Cos'è l'urgenza a defecare?
Si verifica quando il paziente avverte lo stimolo alla defecazione ma, per incompetenza degli sfinteri esterni, non riesce a contrastare la spinta propulsiva rettale.

Cos'è l'incontinenza totale? 
Questa è una forma complessa di incontinenza legata ad anomalie congenite ano-rettali, traumi (ostetrici, iatrogeni, fratture pelviche, impalamento), prolasso rettale completo, infezioni ano-rettali, idiopatica (neurogena primitiva), intossicazione da farmaci (anziani), lesione del motoneurone superiore, cerebrale (ictus, neoplasie, traumi, demenza), spinale (sclerosi multipla, neoplasie), lesione del motoneurone inferiore, cauda, neuropatie periferiche (diabete), tabe dorsale, mielomeningocele lombare (spina bifida).

Cos'è l'incontinenza da "troppo pieno"?
È un tipo particolare di incontinenza fecale in presenza di sfinteri e pavimento pelvico normali. Tipico dell'anziano o dell'operato di patologia proctologica è dovuta ad un accumulo di feci solide all'interno dell'ampolla rettale. Questo determina un rilassamento degli sfinteri e fuoriuscita di poche feci liquide che arrivano per ultime. Si tratta quindi di una falsa diarrea con una incontinenza transitoria.

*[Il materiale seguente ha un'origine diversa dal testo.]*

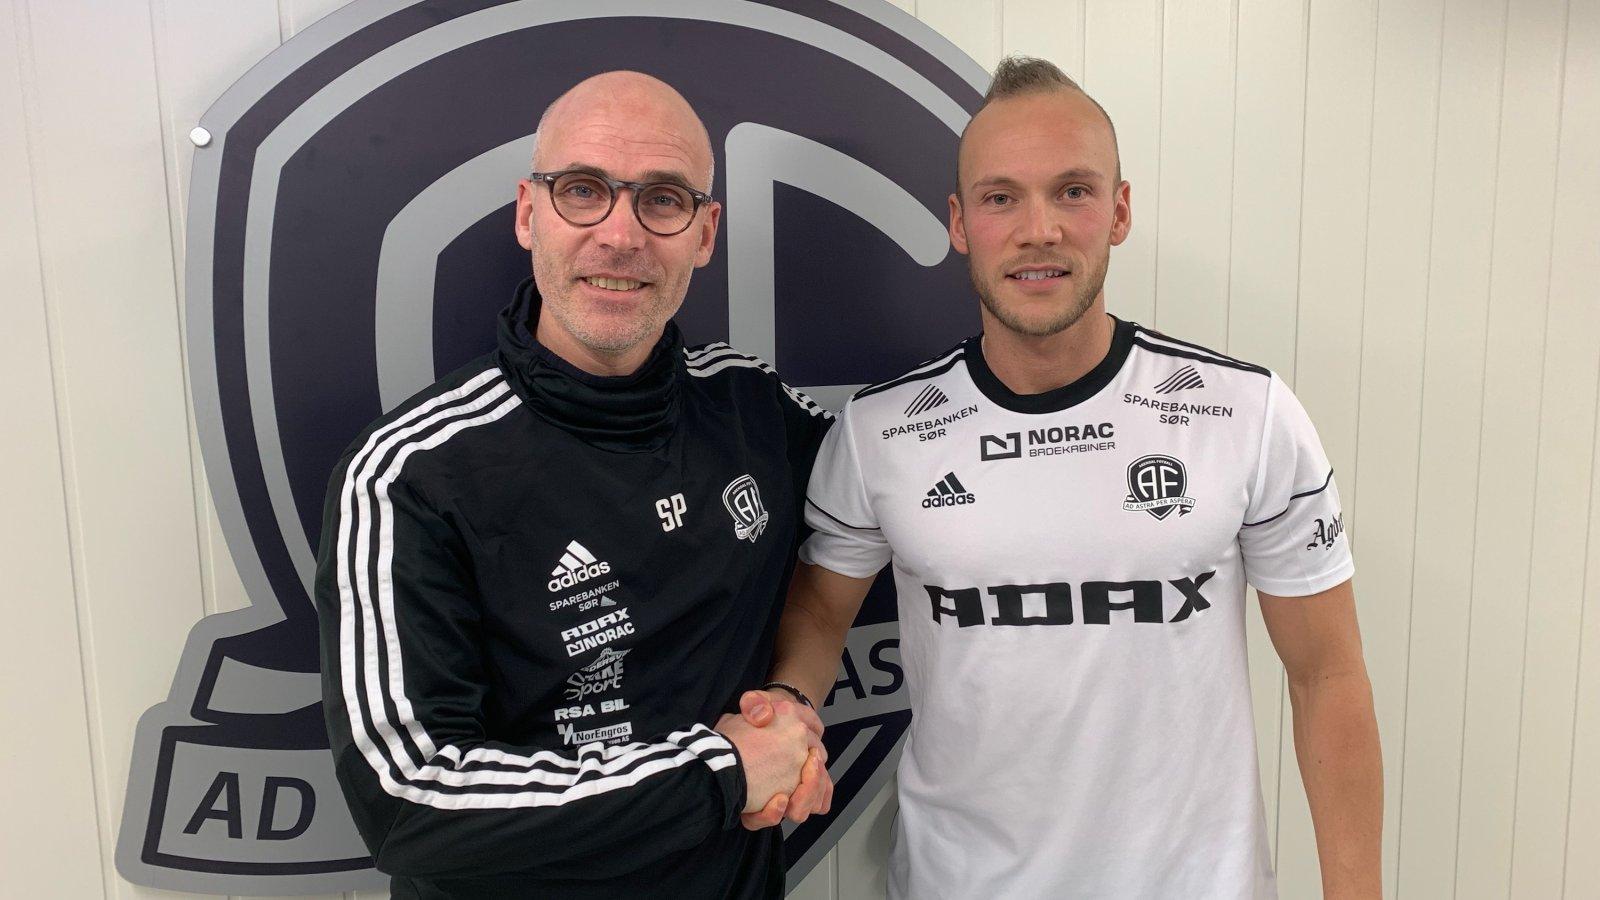 Steinar Pedersen kan ønske Omar Fonstad el Ghaouti velkommen til Norac stadion.

Altre condizioni che determinano l'incontinenza fecale  
L'incontinenza fecale può essere presente anche in altre condizioni di normalità sfinteriale e del pavimento pelvico. Sono i casi di diarrea infettiva, colite ulcerosa, morbo di Crohn, resezione intestinale, diarrea metabolica (es. diabete), fistole (entero-enteriche), colectomia. In tutti questi casi è di fondamentale importanza la giusta consistenza fecale. Frequentemente l'incontinenza anale è presente in associazioni di anomalie funzionali degli sfinteri e del pavimento pelvico. Questo si verifica per deficit sfinteriali dovuti a interventi chirurgici, sfinterotomia, stiramento anale, prolasso rettale, emorroidi di 4° grado, stasi fecale.

Dimensione del "problema incontinenza"

in Italia...

  • 0,5 ÷ 5% nella popolazione < 18 anni
  • 18% nella popolazione > 18 anni
  • 32% nella popolazione geriatrica
  • 56% nei pazienti con turbe neuro-psichiatriche
  • F : M = 9 : 1 (nella 4^ decade di vita)

Negli USA...

  • Circa 3 milioni di persone sono affette da incontinenza fecale con un costo sociale di circa 400 milioni di dollari
  • Circa il 30% dei pazienti con patologie gastroenterologiche hanno come sintomo l'incontinenza fecale e solo nel 5% dei casi questo dato è riportato nella cartella clinica (Enk e Coll.)
  • È presente inoltre nel 32% della popolazione geriatria nel 56% dei pazienti con turbe neuro-psichiatriche.

Le dimensioni del "problema incontinenza" è comunque nettamente sottostimato. Ancora oggi sono troppe le persone che non si rivolgono ad uno specialista per riferire un disturbo di incontinenza. La vergogna e la sfiducia rispetto le possibilità terapeutiche condizionano la scelta di evitare una visita proctologica che potrebbe, invece, cambiare radicalmente la qualità di vita. 
"Pianeta incontinenza" già nel 2006 ha fatto emergere le difficoltà dei pazienti con incontinenza. Invito chi fosse affetta da questo disturbo a non sentirsi isolato e non posticipare una corretta terapia.